» YOUR GOAL: In the copy, include all of the listing exactly and none of its pictures.

» PROVIDED MATERIAL:
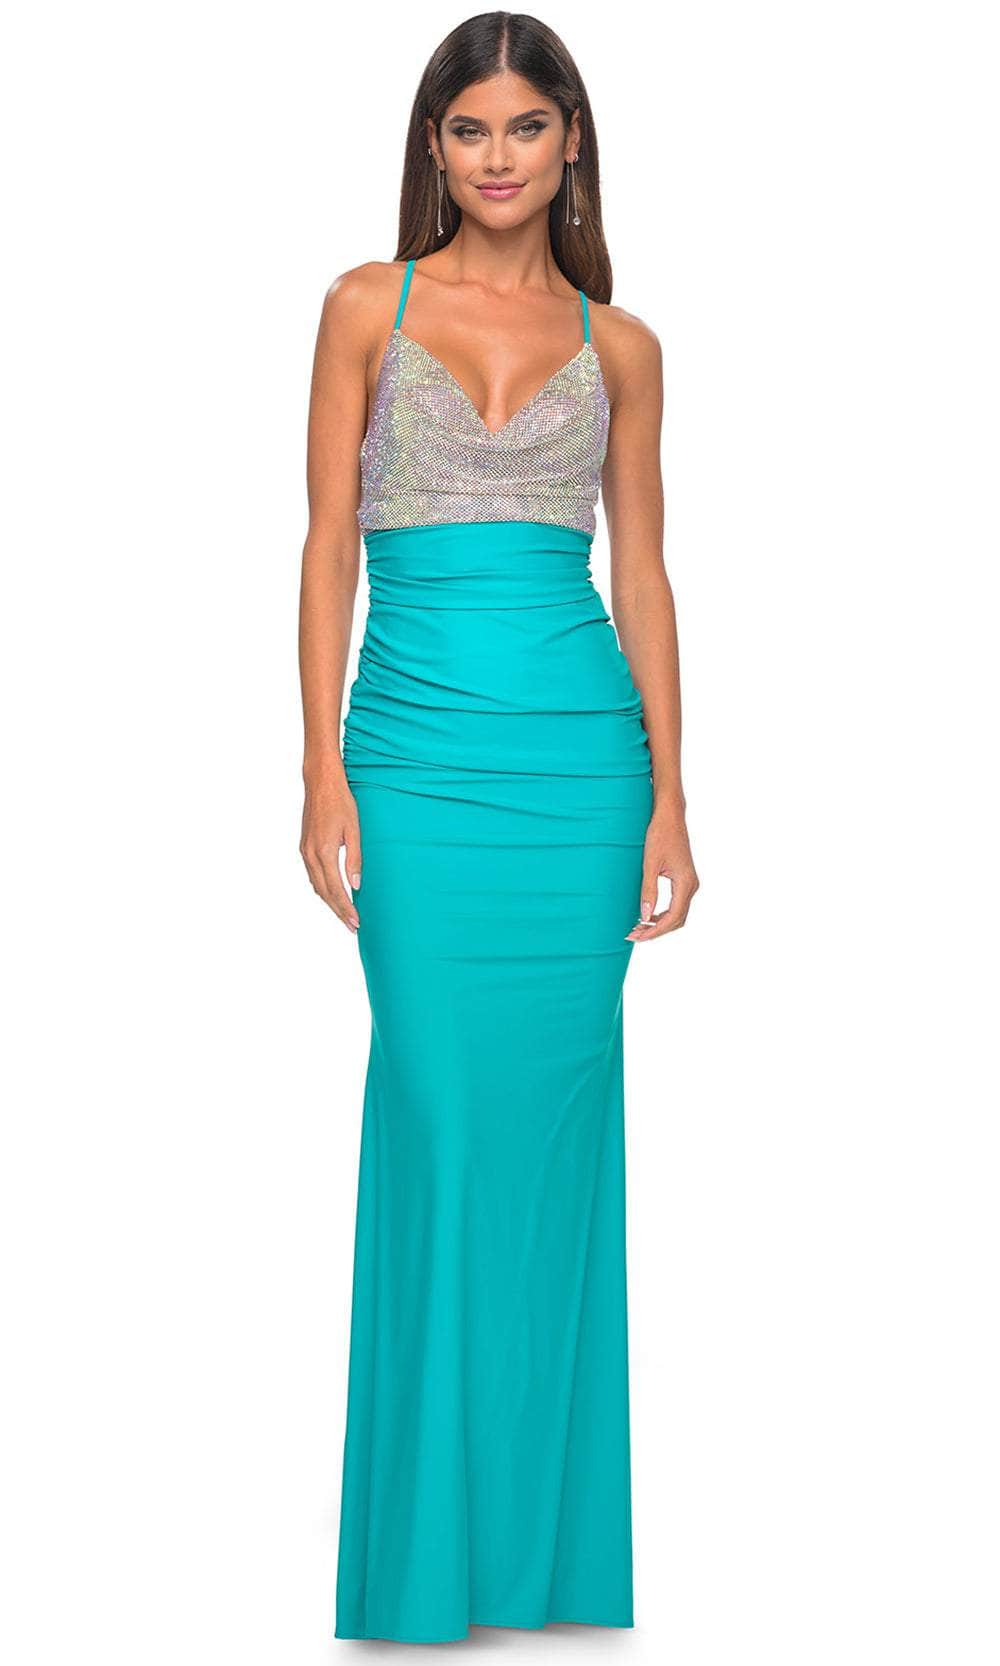 La Femme 32320 - Draped Metallic Prom Dress
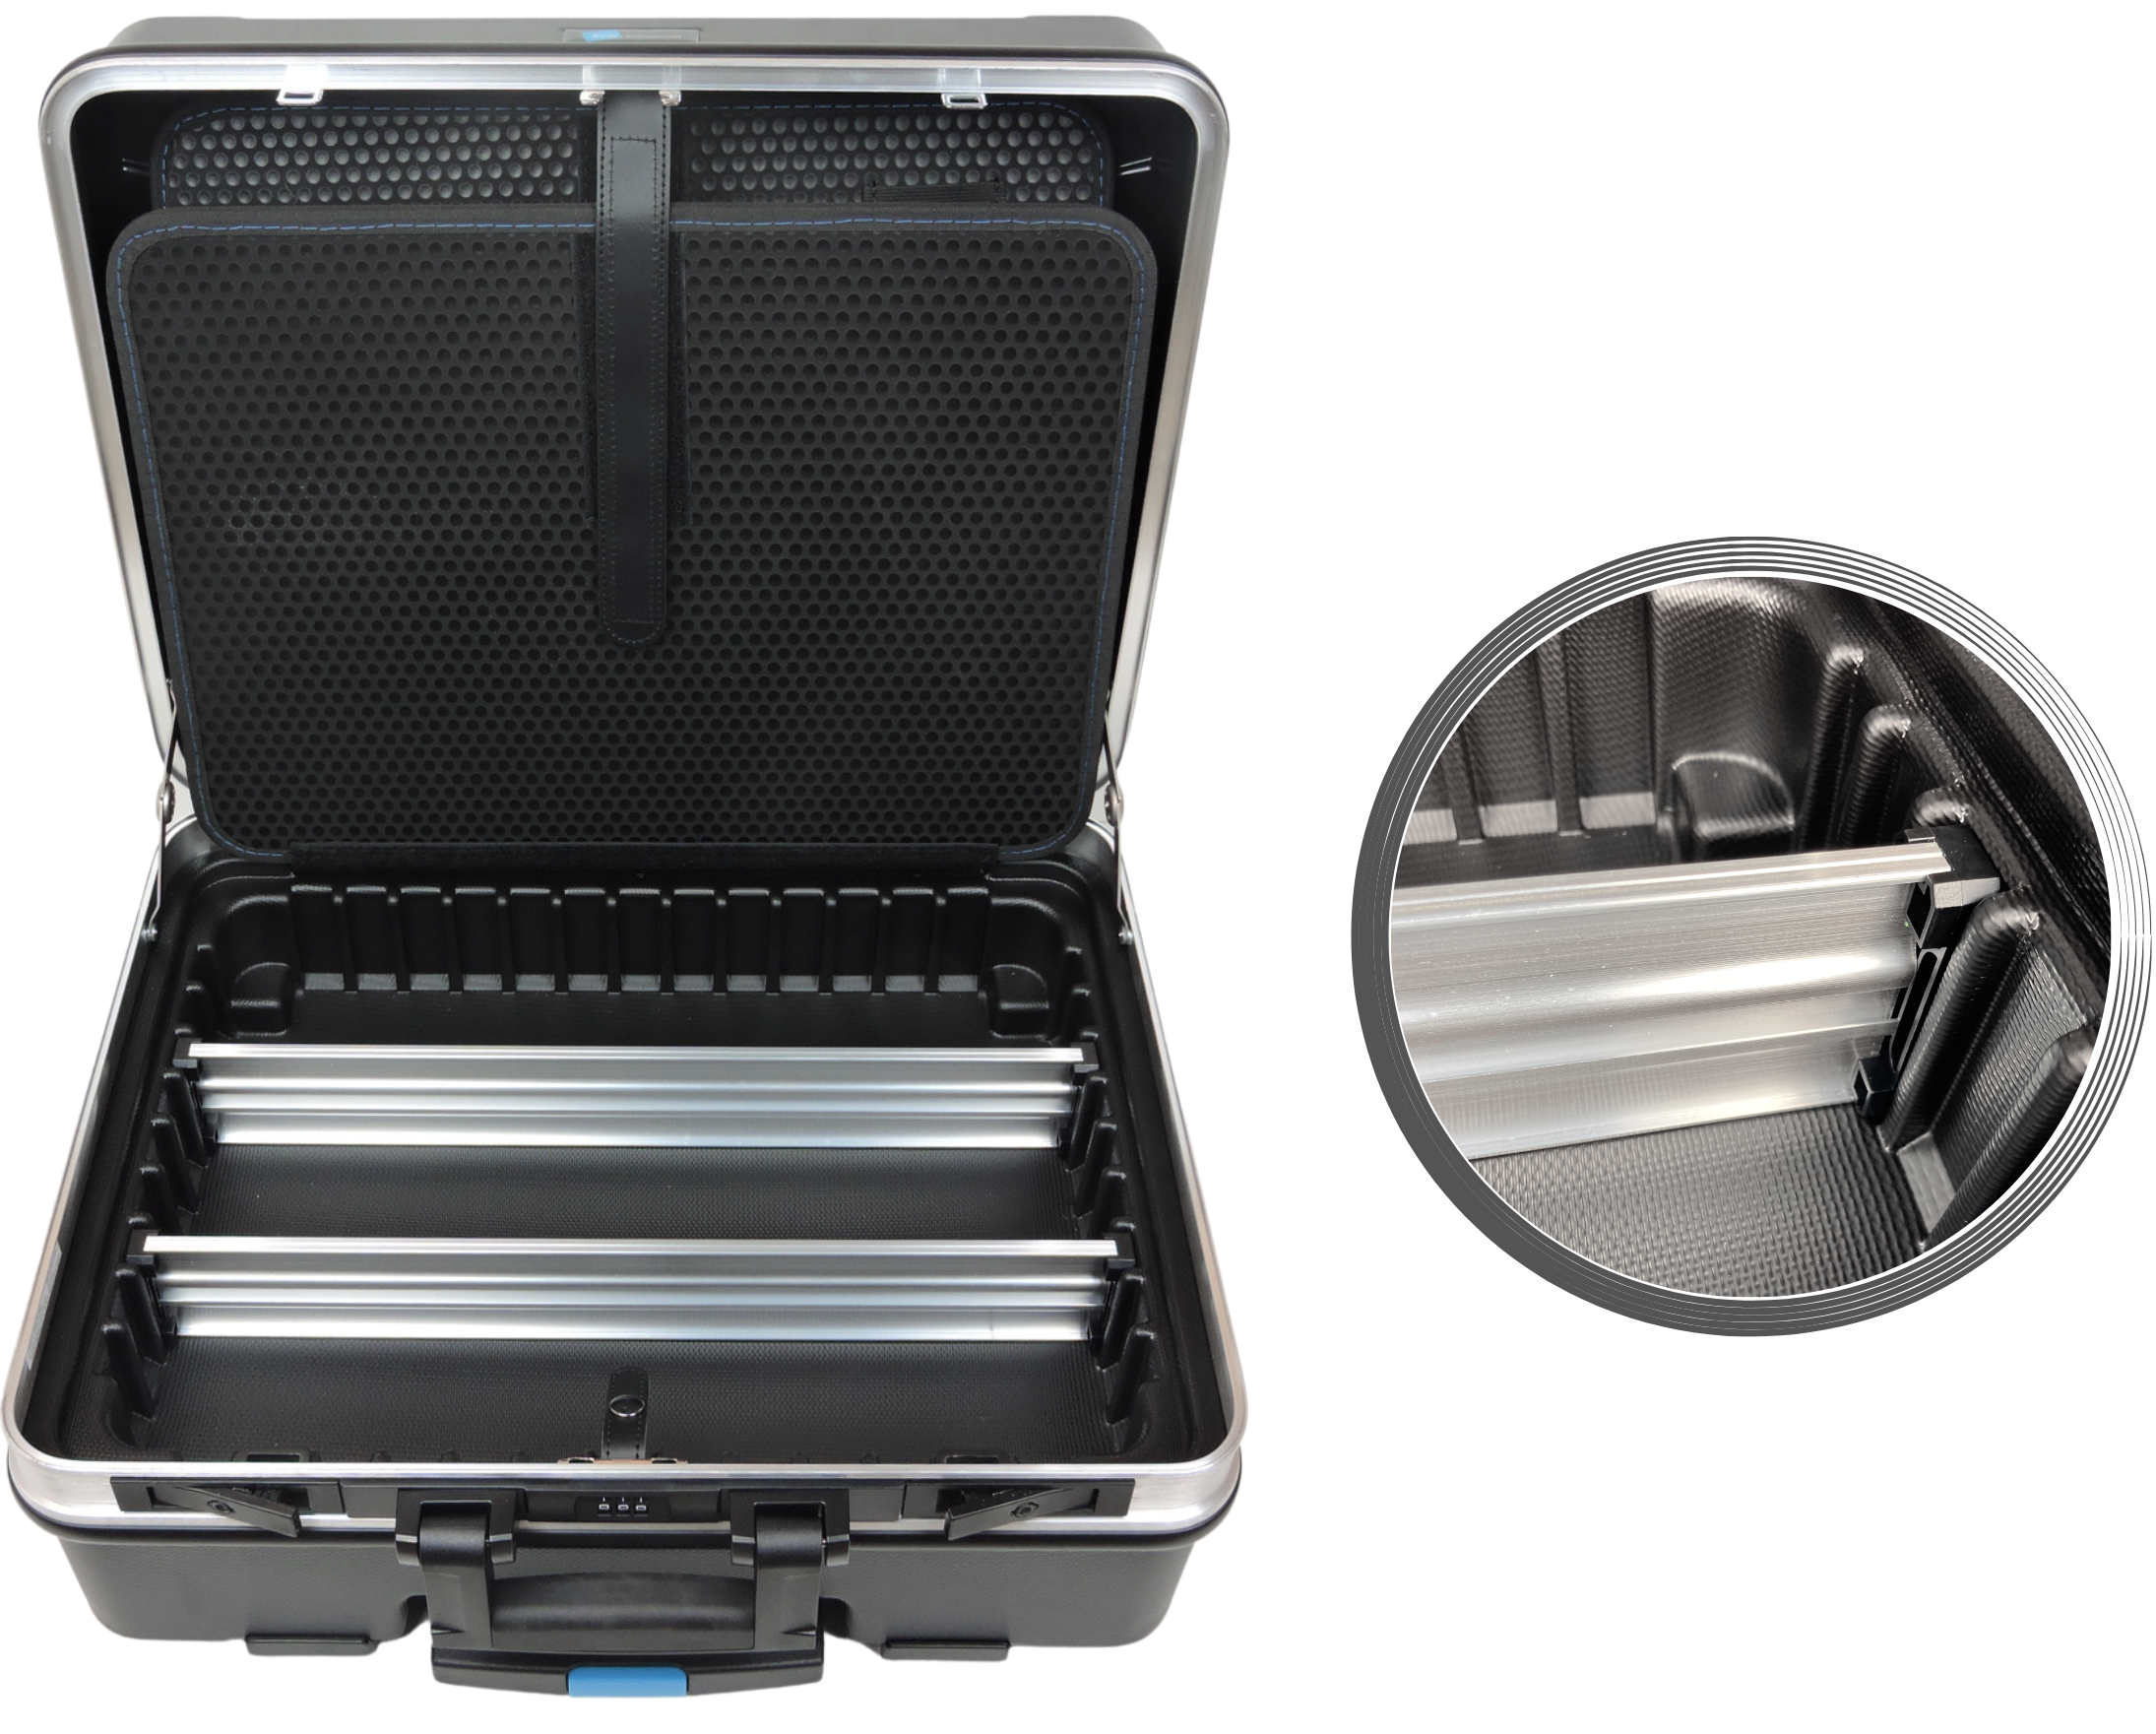 Werkzeuge günstig online kaufen - FAMEX 606-18 Tool Box with Socket Set -  High-End Quality
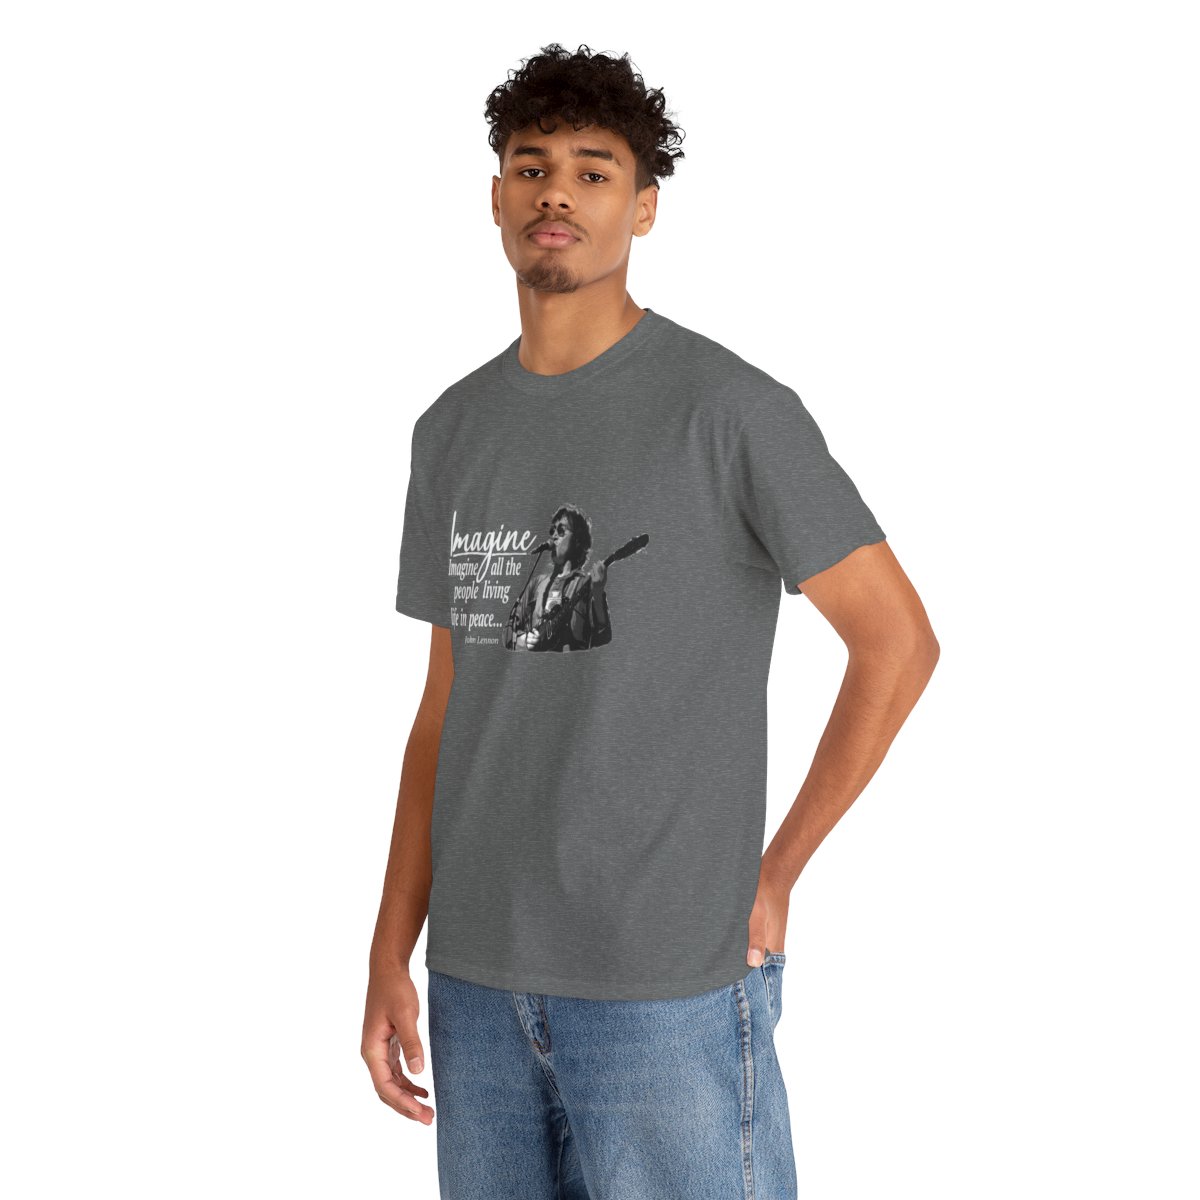 John Lennon's Imagine on a Dark Cotton T-shirt product thumbnail image
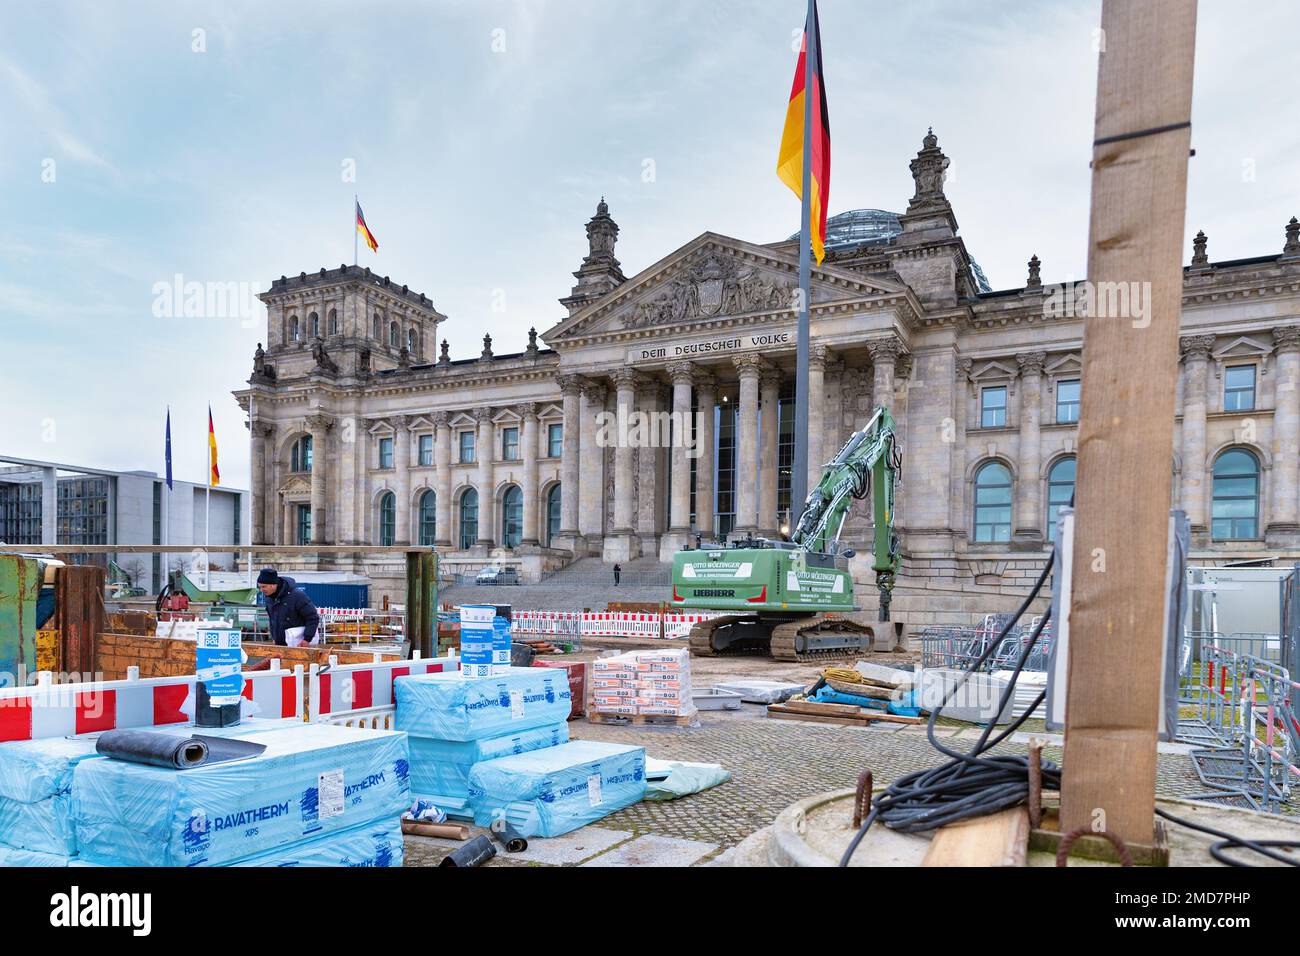 Les travaux de rénovation en face du bâtiment du Bundestag. Le Parlement fédéral allemand. Сonstruction équipement à Berlin. Banque D'Images

» EXERCISE ANSWER:
 La Femme 32320 - Draped Metallic Prom Dress
 Werkzeuge günstig online kaufen - FAMEX 606-18 Tool Box with Socket Set -  High-End Quality
 John Lennon's Imagine on a Dark Cotton T-shirt product thumbnail image
 Les travaux de rénovation en face du bâtiment du Bundestag. Le Parlement fédéral allemand. Сonstruction équipement à Berlin. Banque D'Images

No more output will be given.